また、特許文献4には、撮影部位から撮影オーダを生成する旨の記載は開示されているものの、撮影オーダに対応して被写体のとるべき姿勢を表示する旨は何ら記載されていない。
【0007】
上述のとおり、操作者(例えば、技師)による口頭での指示は、様々な表現が可能である反面、操作者によって指示が異なり、被写体である被験者にうまく伝わらないことも多く、特に、被写体に特定の姿勢をとらせて撮影を行いたい場合、口頭だけの指示では困難な場合が多い。

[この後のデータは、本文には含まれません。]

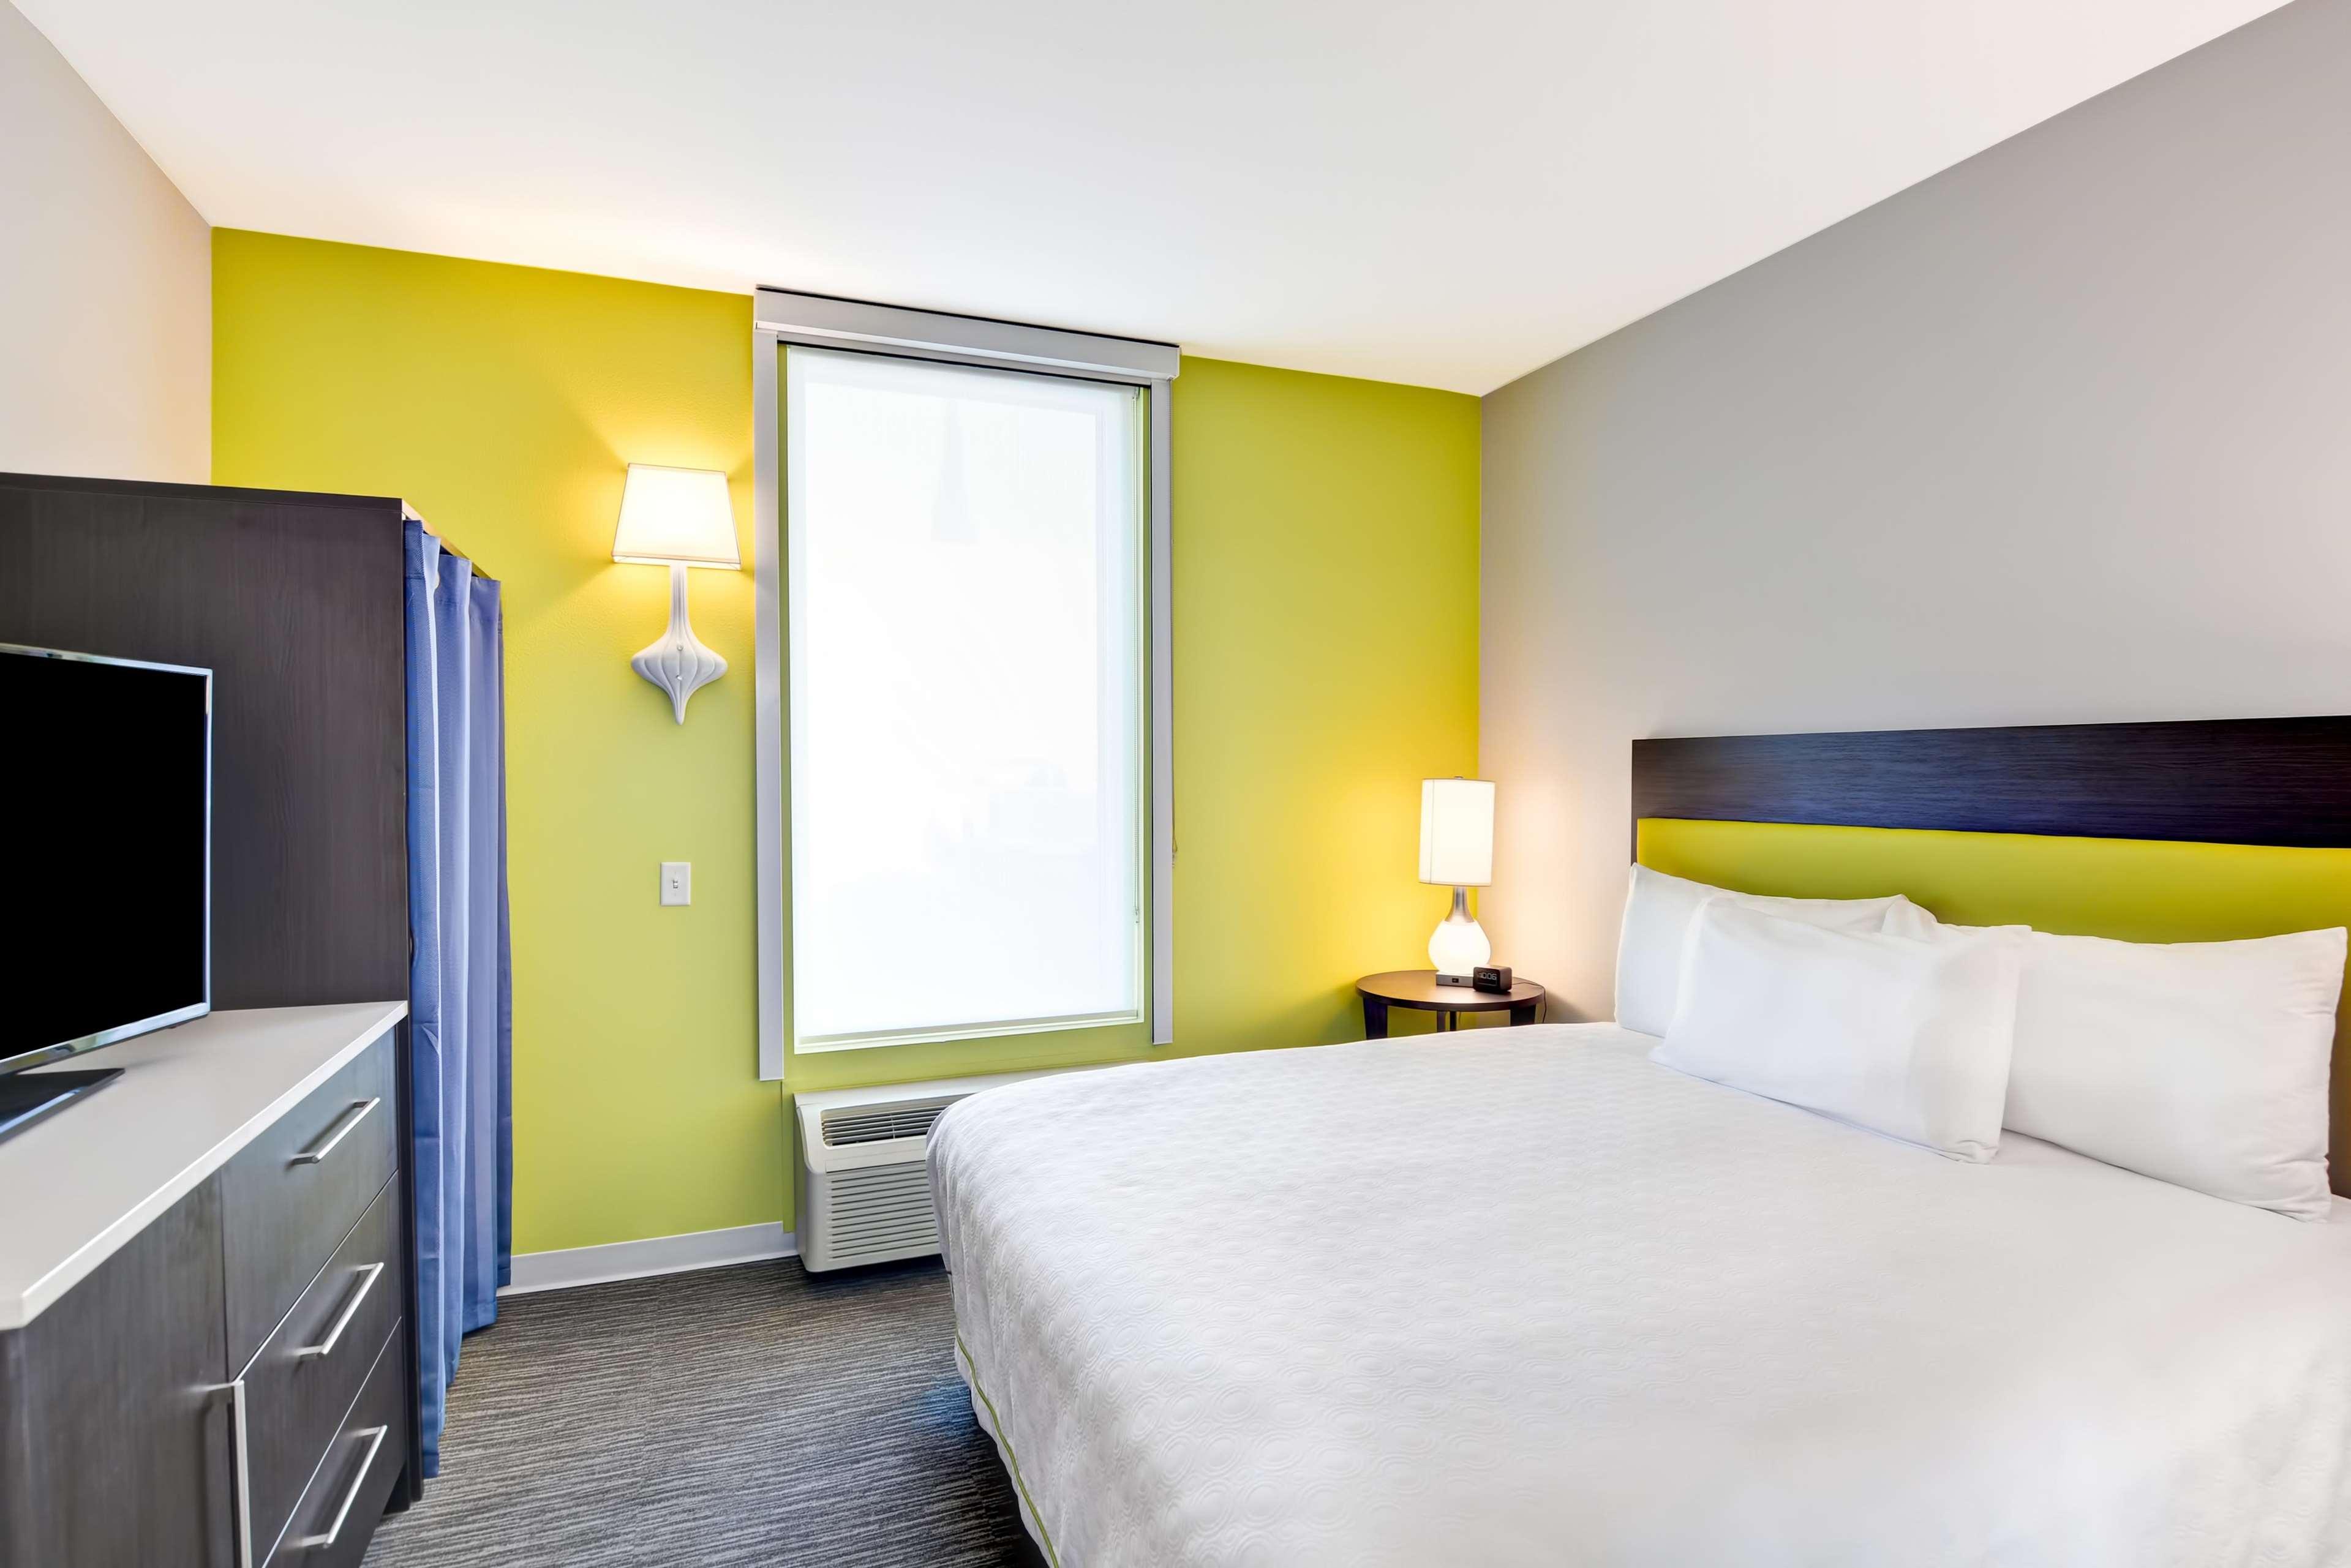 Home2 Suites by Hilton Azusa image 15

また、このため、撮影時間も長く掛かり、被写体にとっても操作者にとっても互いに負担となっていた。
【0008】
本発明の目的は、放射線撮影の撮影メニューに基づいて撮影オーダを生成し、撮影オーダに基づいて、撮影に際して被写体が保持すべき姿勢について、被写体が確認し易い位置に表示することのできる放射線撮影装置を提供することにある。
【課題を解決するための手段】
【0009】
上記課題を解決するために、本発明は、複数の撮影メニューの中から1つの撮影メニューを選択することで、選択された撮影メニューに対応した一連の撮影オーダを決定する撮影メニュー選択部と、前記一連の撮影オーダに対応する被写体への一連の指示表示を自動生成する指示表示生成部と、撮影に応じて、前記一連の撮影オーダの進行状況を検出する進行状況検出部と、前記撮影オーダに応じて、被写体への指示表示を変更する指示表示制御部と、前記指示表示制御部からの指示により前記撮影オーダに対応した前記指示表示を表示する指示表示部とを備えることを特徴とする放射線撮影装置を提供する。
【0010】
また、前記指示表示は、被写体が保持すべき姿勢を画像で示したものであることが好ましい。
【0011】
また、前記撮影オーダとは、撮影部位、撮影方向(被写体の向き)、SID、並びに、被写体の性別、体格(身長、体重)及び体厚などによって異なる放射線の曝射線量(放射線強度及び曝射時間)を含む撮影指示であることが好ましい。
【0012】
また、前記指示表示制御部は、放射線の曝射に応じて前記指示表示部に表示された前記指示表示を次の指示表示に切り替えることが好ましい。
【0013】
また、前記進行状況検出部は、放射線の曝射の回数(撮影回数)をカウントすることで、前記一連の撮影オーダの進行状況を検出することが好ましい。
【0014】
また、前記指示表示は、前記進行状況検出部により検出された前記一連の撮影オーダの進行状況を表示する進行状況表示部分を有することが好ましい。
【0015】
また、前記進行状況表示部分は、前記一連の指示表示のサムネイル画像と(前記撮影回数)/(前記一連の撮影オーダ)との少なくとも一方を表示することが好ましい。
【0016】
また、前記指示表示部は、複数有って設置位置がそれぞれ異なり、前記指示表示生成部は、1つの前記撮影オーダに対して、前記設置位置に応じた複数の指示表示を生成し、前記指示表示制御部は、前記設置位置に応じた複数の指示表示を、対応する前記指示表示部にそれぞれ表示させることが好ましい。
【0017】
また、前記設置位置に応じた複数の指示表示とは、前記設置位置方向から前記被写体を見た際に、前記被写体が保持すべき姿勢を画像で示したものであることが好ましい。
【0018】
また、前記指示表示制御部は、前記指示表示部上に、放射線の曝射までの残り時間を表示することが好ましい。
【発明の効果】
【0019】
本発明によれば、撮影オーダに応じて複数の表示部に被写体が保持すべき姿勢を表示部の方向に応じて表示することで、被写体に保持すべき姿勢を短時間でとらせることができ、一連の放射線撮影をスムースに行うことができる。
【図面の簡単な説明】
【0020】
【図1】本発明に係る放射線撮影装置の一実施形態の全体構成を示す線図的模式図である。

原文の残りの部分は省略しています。